Title	Soft-error Tolerability Analysis for Triplicated Circuit on an FPGA
Author	*Yoshihiro Ichinomiya, Motoki Amagasaki, Morihiro Kuga, Toshinori Sueyoshi (Kumamoto University, Japan)
Page	pp. 448 - 453
Keyword	FPGA, soft-error, TMR
Abstract	SRAM-based Field Programmable Gate Arrays (FPGAs) are vulnerable to a single event up- set(SEU), which is induced by radiation effects. In order to improve the robustness against a SEU, many dependable design techniques were studied. Also, the reliability analysis become important. In this work, we propose the reliability estimation techniques for triplicated circuits by using conditional probability.

R4-17 (Time: 15:47 - 15:49)

Title	A Tile Based Reconfigurable Architecture with Dual ALU-array/Processor Operating Mode Capability
Author	Shin'ichi Kouyama, Masayuki Hiromoto (Kyoto University, Japan), Yukihiro Nakamura (Ritsumeikan University, Japan), *Hiroyuki Ochi (Kyoto University, Japan)
Page	pp. 454 - 459
Keyword	Coarse-grained Reconfigurable Architecture
Abstract	ALU-based coarse-grained reconfigurable devices are suitable for accelerating simple stream processing by pipelining and parallelization. They are, however, not efficiently used for sequential processing with complicated controls. In this paper, we propose a tile based dynamically reconfigurable architecture in which each tile has dual ALU-array/RISC processor operating mode capability.
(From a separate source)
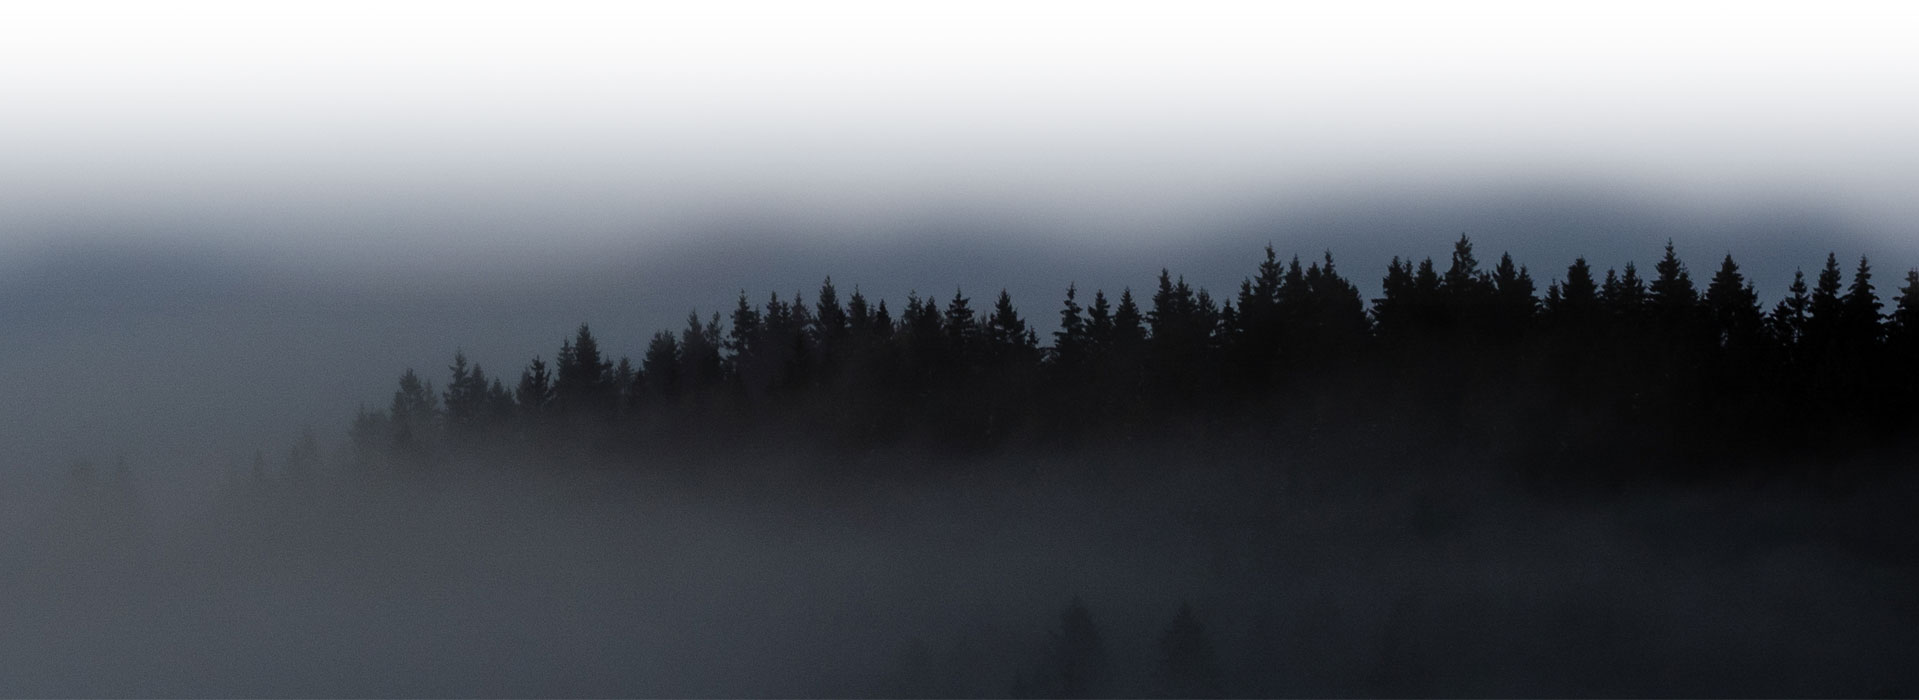 Die Silhouette einer Nadelbaumreihe ragt aus dichtem Nebel.
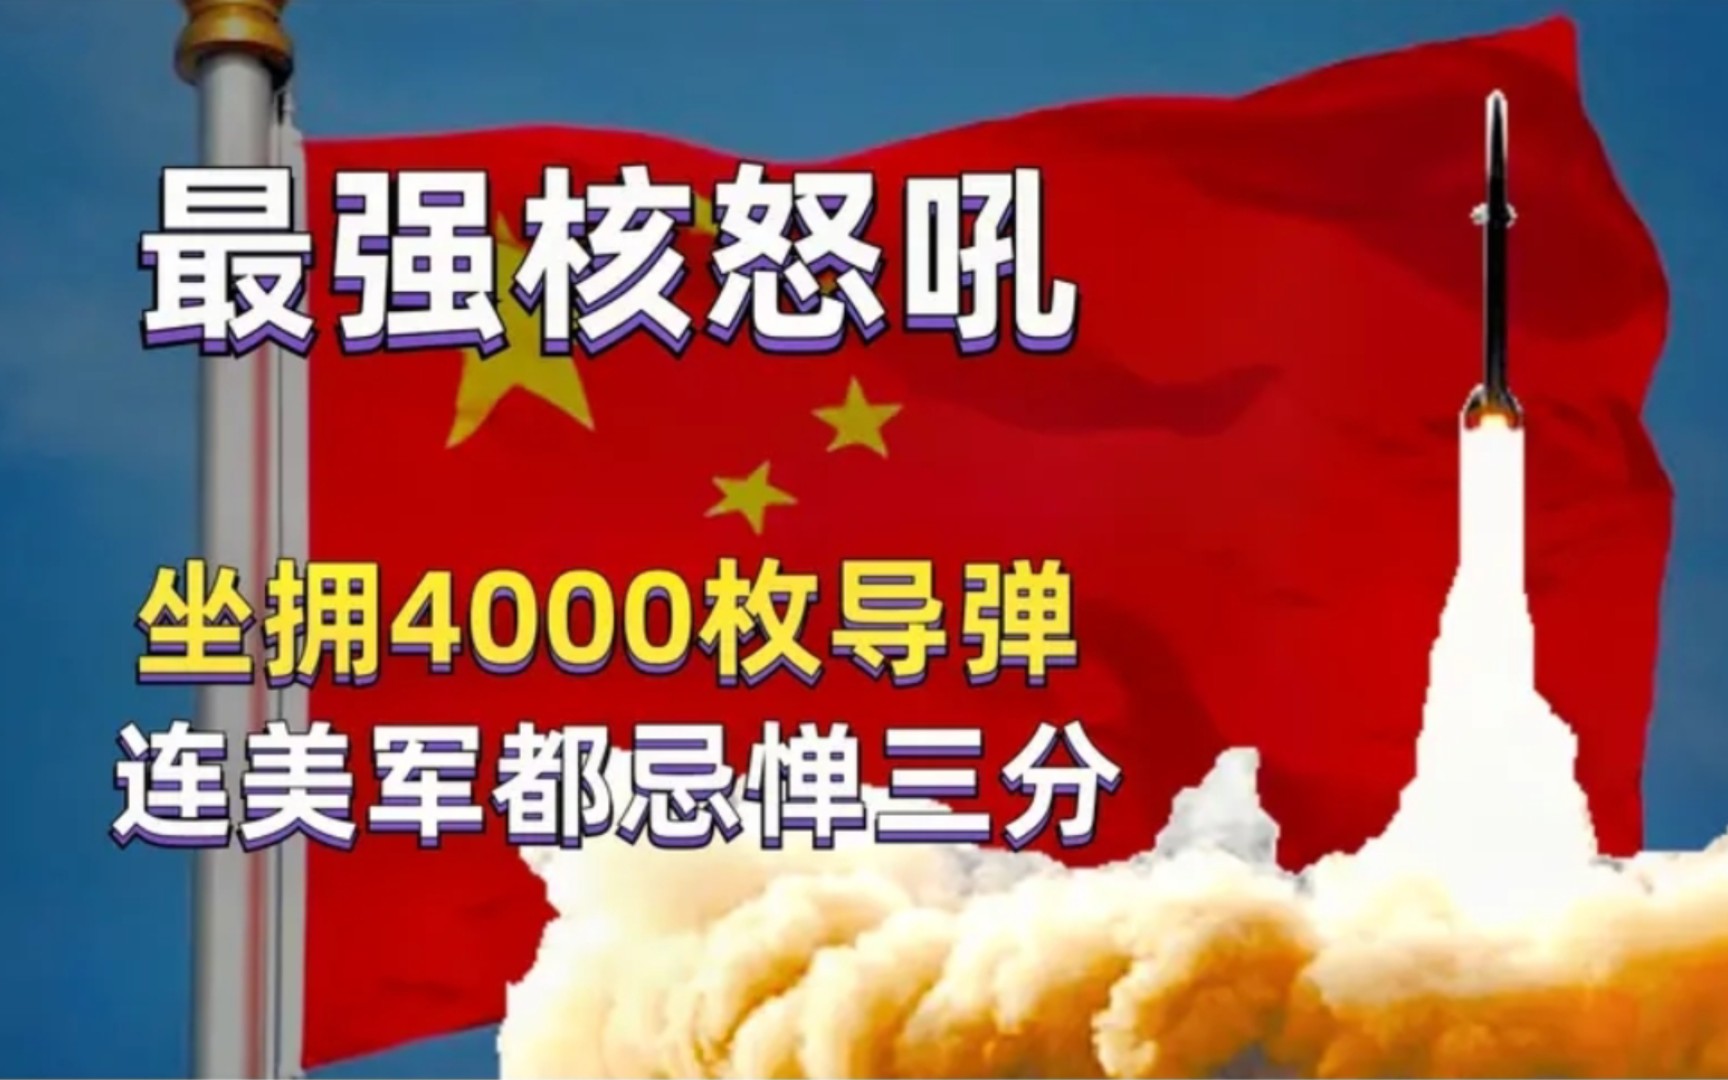 中国发出最强“核怒吼”！拥有真正的最强战斗力，不怕任何强敌！

The ratio of ALU-based hardware accelerator and RISC processor counterpart can be dynamically changed depending on the dominant computation in the application in order to maximize the efficiency.

R4-18 (Time: 15:49 - 15:51)

Title	VLSI Architecture of V-AMDF based Pitch Detection for Tonal Speech Recognizer
Author	*Jirabhorn Chaiwongsai, Werapon Chiracharit, Kosin Chamnongthai (King Mongkut’s University of Technology Thonburi, Thailand), Yoshikazu Miyanaga (Hokkaido University, Japan), Kohji Higuchi (University of Electro-Communications, Japan)
Page	pp. 460 - 465
Keyword	tone classification function, V-AMDF, 4-stage pipeline process
Abstract	Tonal speech recognizer needs tone classification function to guarantee the word correctness. However, tone classification function generally has high computation part because there are many repeated parameters. This paper proposes AMDF-based 4-stage pipeline process VLSI architecture of tone classification function for tonal speech recognizer (TONE-SPEC). The architecture is divided into pitch detection, fundamental frequency extraction and tone decision processes. In the speech recognition, only vowel signal is sent though the pitch detection process so that the sample number is reduced. AMDF detects the periodicity of vowel speech by using 4-stage pipeline process. After that, fundamental frequency is extracted and then tone result is decided by finding look-up table maximum vote in tone decision process. To evaluate the performance of the proposed architecture, the experiment is set and tested with 37 Thai words. The results show the improvement of processing time, comparing to the conventional method.